## What is needed
Below are some records. How many of their lines contain the string "Photo"? Give the number only.

## Entries supplied
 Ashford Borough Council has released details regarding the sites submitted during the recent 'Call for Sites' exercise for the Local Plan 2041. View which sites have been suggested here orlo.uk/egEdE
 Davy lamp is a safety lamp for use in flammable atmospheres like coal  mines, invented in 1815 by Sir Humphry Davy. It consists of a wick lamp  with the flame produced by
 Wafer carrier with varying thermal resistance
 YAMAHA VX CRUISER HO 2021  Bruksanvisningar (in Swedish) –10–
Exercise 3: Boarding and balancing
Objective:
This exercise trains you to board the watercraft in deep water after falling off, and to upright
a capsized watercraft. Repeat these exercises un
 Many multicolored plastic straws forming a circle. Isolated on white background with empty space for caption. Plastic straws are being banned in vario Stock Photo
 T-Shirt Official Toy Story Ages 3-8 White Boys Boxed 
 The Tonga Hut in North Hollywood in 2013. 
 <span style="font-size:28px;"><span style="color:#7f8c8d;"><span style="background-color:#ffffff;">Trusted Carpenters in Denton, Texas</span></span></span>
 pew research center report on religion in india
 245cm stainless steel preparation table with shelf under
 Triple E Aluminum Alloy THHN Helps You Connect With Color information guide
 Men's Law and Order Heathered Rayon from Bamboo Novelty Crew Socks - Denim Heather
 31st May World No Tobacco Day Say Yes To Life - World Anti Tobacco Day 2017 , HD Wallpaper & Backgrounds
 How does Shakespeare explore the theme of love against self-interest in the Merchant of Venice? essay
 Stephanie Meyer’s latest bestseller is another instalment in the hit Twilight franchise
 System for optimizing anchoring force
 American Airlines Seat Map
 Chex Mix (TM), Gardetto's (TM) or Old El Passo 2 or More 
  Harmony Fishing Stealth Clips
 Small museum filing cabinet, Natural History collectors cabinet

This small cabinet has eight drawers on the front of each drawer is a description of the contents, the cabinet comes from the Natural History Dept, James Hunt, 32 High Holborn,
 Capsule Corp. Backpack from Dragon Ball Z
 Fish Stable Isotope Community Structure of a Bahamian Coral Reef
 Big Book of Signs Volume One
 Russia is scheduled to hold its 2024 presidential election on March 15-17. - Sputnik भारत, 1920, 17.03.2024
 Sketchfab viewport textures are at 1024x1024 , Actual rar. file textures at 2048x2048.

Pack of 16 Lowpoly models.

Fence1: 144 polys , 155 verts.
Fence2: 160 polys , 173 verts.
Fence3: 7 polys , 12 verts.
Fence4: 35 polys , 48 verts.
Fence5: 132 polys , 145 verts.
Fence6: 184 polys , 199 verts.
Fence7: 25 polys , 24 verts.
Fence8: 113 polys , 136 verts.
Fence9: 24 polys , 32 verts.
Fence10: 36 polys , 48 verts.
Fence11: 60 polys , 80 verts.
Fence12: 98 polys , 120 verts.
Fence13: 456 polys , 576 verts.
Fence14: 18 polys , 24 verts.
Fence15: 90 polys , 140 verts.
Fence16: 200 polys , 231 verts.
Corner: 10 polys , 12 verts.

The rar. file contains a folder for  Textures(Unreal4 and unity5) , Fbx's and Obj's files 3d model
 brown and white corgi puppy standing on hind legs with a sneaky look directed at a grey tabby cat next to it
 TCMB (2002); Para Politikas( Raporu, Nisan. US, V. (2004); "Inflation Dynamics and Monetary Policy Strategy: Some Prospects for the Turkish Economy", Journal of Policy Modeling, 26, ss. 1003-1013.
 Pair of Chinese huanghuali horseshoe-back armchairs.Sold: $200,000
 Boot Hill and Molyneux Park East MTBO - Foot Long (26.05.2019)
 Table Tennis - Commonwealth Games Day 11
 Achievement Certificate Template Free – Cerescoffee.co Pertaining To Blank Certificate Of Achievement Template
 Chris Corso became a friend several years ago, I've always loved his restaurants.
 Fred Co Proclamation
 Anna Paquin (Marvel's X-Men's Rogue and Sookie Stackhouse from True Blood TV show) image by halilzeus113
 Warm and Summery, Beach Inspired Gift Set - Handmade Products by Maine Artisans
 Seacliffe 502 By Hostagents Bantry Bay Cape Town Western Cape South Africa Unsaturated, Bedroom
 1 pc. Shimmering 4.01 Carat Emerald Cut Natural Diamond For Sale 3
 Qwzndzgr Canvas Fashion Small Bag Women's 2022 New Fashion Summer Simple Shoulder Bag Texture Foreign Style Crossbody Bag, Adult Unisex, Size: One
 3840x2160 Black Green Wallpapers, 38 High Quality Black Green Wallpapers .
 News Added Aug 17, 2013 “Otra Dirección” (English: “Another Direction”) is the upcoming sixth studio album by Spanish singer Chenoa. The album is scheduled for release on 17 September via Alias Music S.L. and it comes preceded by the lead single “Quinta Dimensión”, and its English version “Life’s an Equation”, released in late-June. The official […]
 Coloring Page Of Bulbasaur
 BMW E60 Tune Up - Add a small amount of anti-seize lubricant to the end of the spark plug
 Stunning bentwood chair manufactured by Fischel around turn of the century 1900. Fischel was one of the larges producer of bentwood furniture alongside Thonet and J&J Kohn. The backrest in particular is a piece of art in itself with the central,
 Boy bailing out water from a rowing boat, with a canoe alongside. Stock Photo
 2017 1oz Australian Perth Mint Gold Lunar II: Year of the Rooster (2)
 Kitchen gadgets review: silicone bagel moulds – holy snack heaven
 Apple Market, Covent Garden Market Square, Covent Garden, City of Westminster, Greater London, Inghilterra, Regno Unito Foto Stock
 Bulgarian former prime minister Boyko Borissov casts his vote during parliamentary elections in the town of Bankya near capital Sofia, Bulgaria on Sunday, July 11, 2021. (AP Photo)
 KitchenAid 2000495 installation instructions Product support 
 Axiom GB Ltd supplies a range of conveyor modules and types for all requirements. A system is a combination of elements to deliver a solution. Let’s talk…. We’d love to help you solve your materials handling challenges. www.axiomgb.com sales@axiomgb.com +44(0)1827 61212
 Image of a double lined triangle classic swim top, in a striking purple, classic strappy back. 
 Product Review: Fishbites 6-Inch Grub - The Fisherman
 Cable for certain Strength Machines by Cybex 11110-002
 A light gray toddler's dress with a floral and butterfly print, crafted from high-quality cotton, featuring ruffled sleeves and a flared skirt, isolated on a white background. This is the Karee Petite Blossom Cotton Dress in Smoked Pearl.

## Solved problem
3